Deployment Of Mil-88b(Fe)/Tio2 Nanotube-Supported Ti Wires As Reusable Electrochemiluminescence Microelectrodes For Noninvasive Sensing Of H2o2 From Single Cancer Cells

As one of the significant intracellular signaling molecules, hydrogen peroxide (H2O2) regulates some vital biological processes. However, it remains a challenge to develop noninvasive electrodes that can be used for sensing trace H2O2 at the cellular level. Here, we evaluated a high-performance solid-state electrochemiluminescence (ECL) H2O2 sensor based on MIL-88B(Fe) nanocrystal-anchored Ti microwires. Semiconducting TiO2 nanotubes (TiNTs) vertically grown around a Ti wire via an anodization technique act as an intrinsic ECL luminophore. By integrating with MIL-88B(Fe), the synergistic effect of the TiO2 luminophore and the remarkable peroxidase-like activity of MIL-88B(Fe) enable the resulting H2O2 sensor an ultrahigh sensitivity featuring a minimum detection limit of 0.1 nM (S/N = 3), long term stability, high durativity, and wide-range linear response to a concentration of up to 10 mM. To demonstrate the concept of a MIL-88B(Fe)gTiO(2) microelectrode for single-cell sensing, the electrode was used to detect intracellular H2O2 in a single cell.
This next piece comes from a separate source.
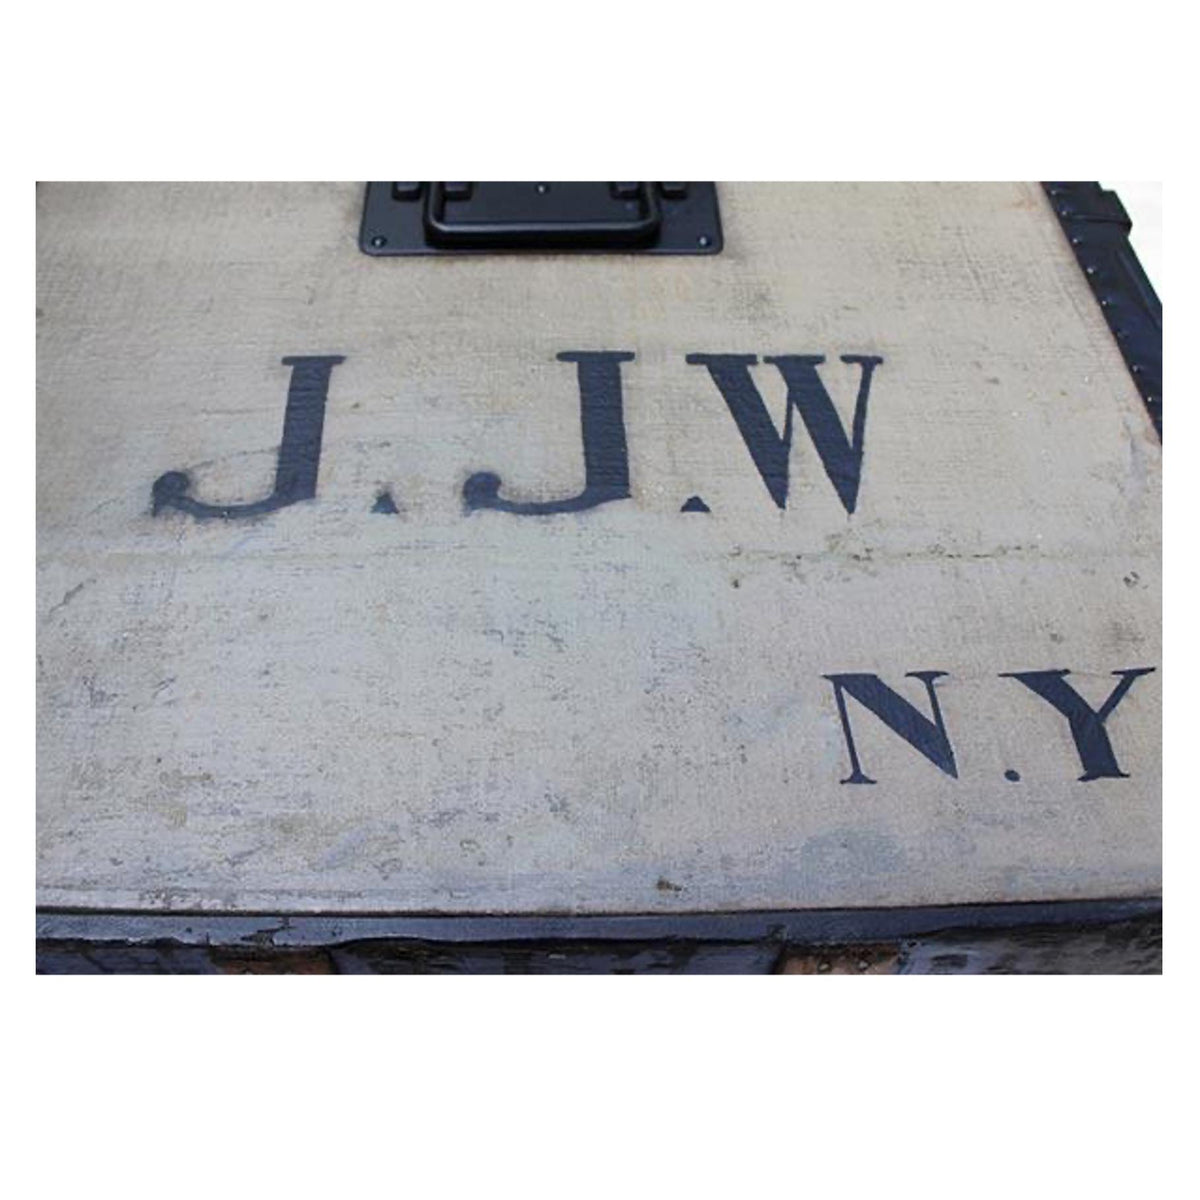 Courier Trunk wth JJW initials
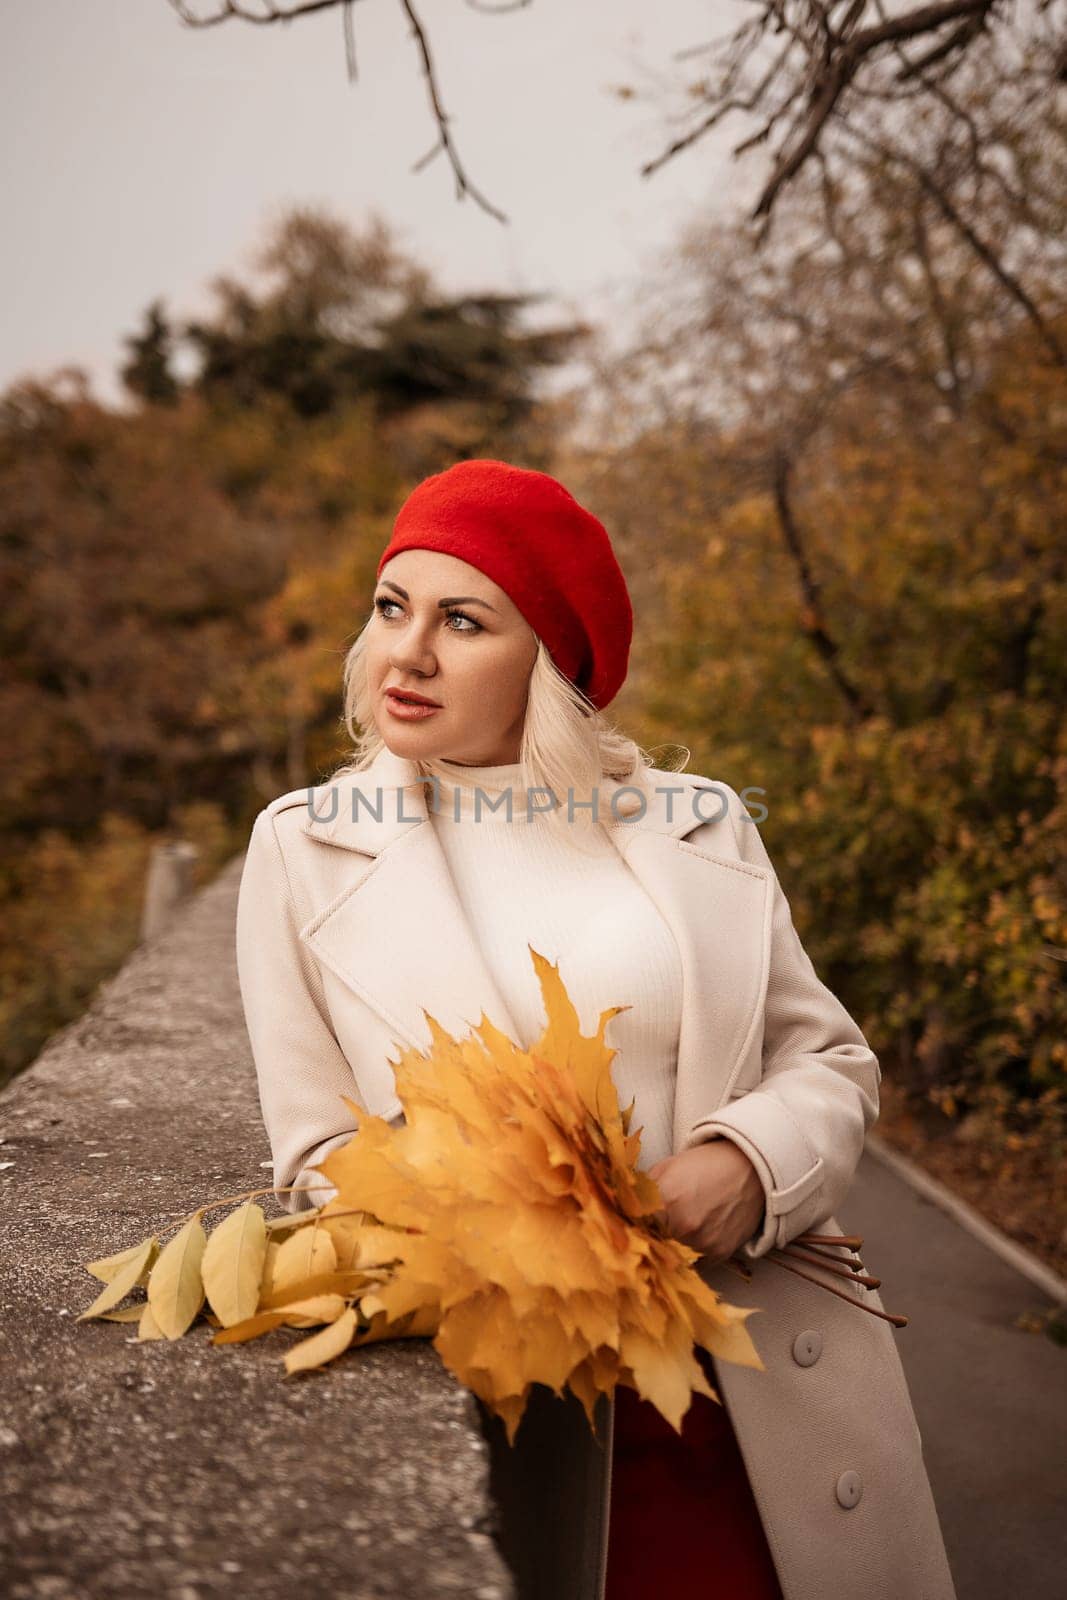 autumn woman in a red beret, a light coat and a red skirt, against the backdrop of an autumn park with yellow leaves in her hands.

Moreover, benefiting from the heterojunction of MIL-88B(Fe)/TiO2, the microelectrode was found to exhibit excellent photocatalytic activity in the visible-light range, that is, the sensor surface can be self-cleaning after a short visible-light treatment. These advanced sensor characteristics involving easy reusability reveal that the MIL-88B(Fe)@aTiO(2) microelectrode is a new platform for cytosensing. This study provides a new strategy to design semiconductor materials with arbitrary shape and size, allowing for profound applications in biomedical and clinical analysis.